HardHat-Object-Detection-YOLOv8 is a computer vision project designed to enhance safety measures in construction environments. By employing the state-of-the-art YOLOv8 (You Only Look Once version 8) algorithm, this project aims to accurately detect and identify whether construction workers are wearing their safety helmets or not. We will also take a look at YOLOv5, for comparison.
The primary goal of this initiative is to assist supervisors, safety officers, and automated systems in maintaining and enforcing safety regulations on site. The integration of AI in safety protocol monitoring opens the potential for real-time alerting and tracking of safety breaches, allowing for swift corrective actions.
This project leverages the YOLOv8 object detection algorithm, which is well-regarded for its detection accuracy and real-time performance. This algorithm enables the software to identify and differentiate between construction workers wearing hard hats and those who are not.
The software can be integrated into an existing video surveillance system to continuously monitor compliance with safety protocols. On detecting a worker without a helmet, the system can trigger alerts for immediate action. This way, the project aims to contribute significantly to accident prevention in the construction industry.

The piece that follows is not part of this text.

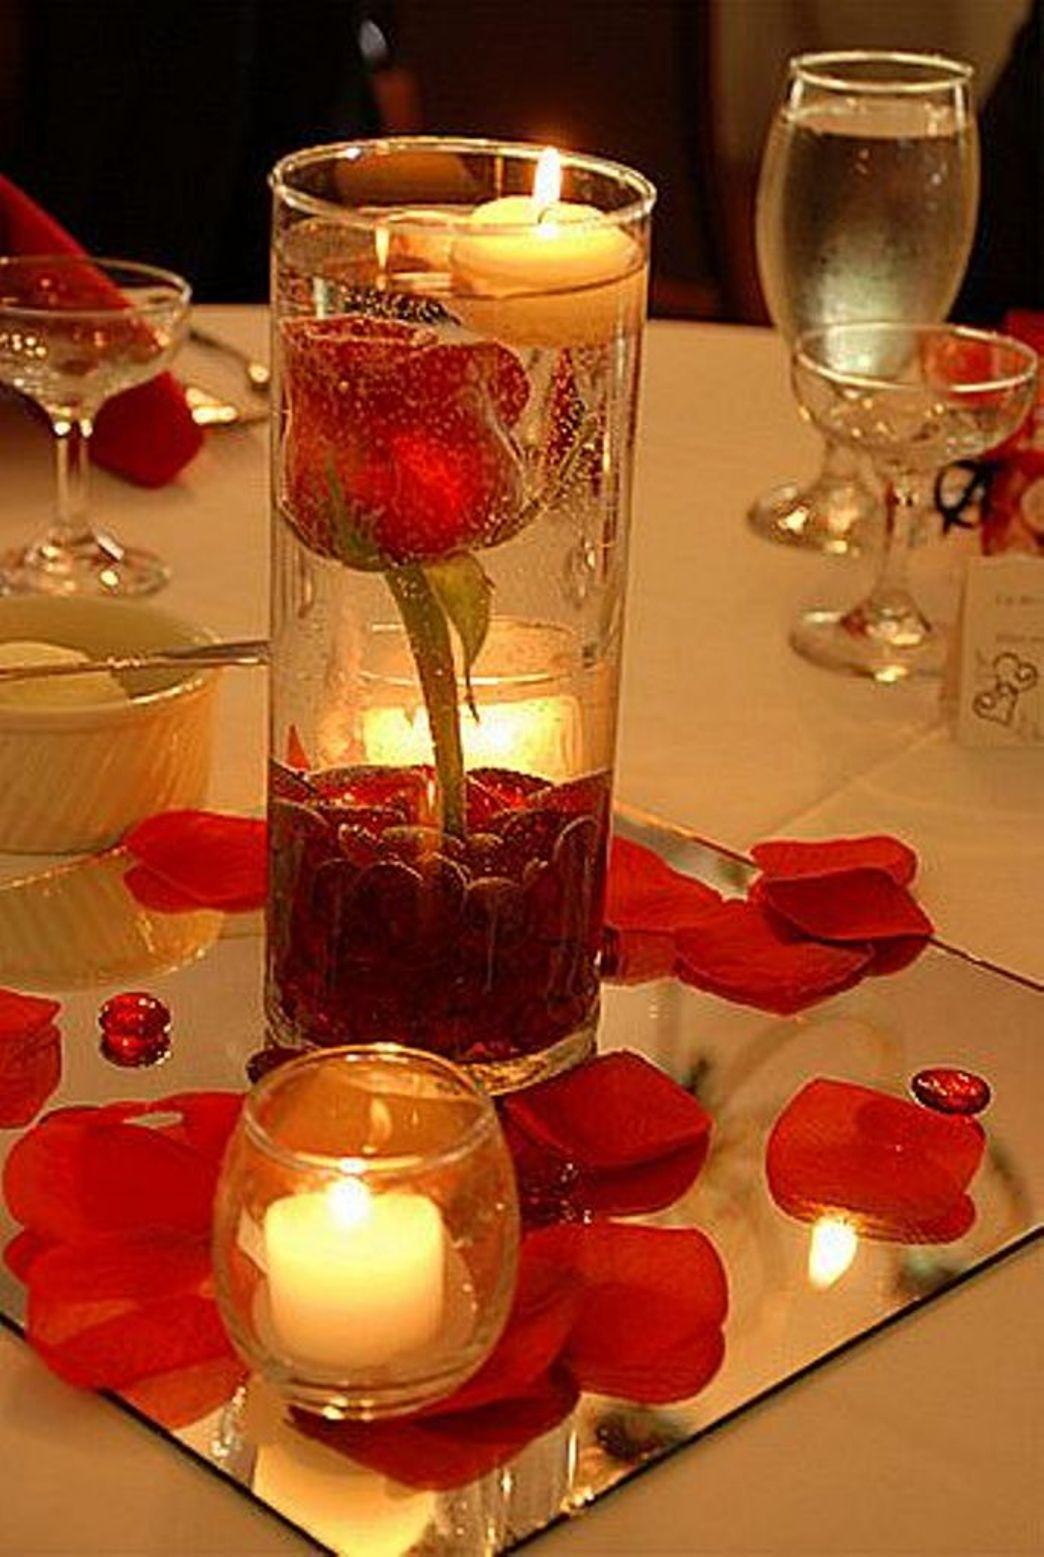 wedding-centerpiece-ideas Wonderful ideas for decorating your wedding

To use HardHat-Object-Detection-YOLOv8, simply clone this repository and execute the main Python notebook. (Since it is a personal project, i don't plan to get it production-ready) Ensure that the software has access to either a live video feed or a recorded video file from your construction site.
Please note: This project is for academic or personal use and should not replace manual supervision in critical safety situations. Its performance may vary based on numerous factors, including the quality of input video and the presence of obstructions in the scene.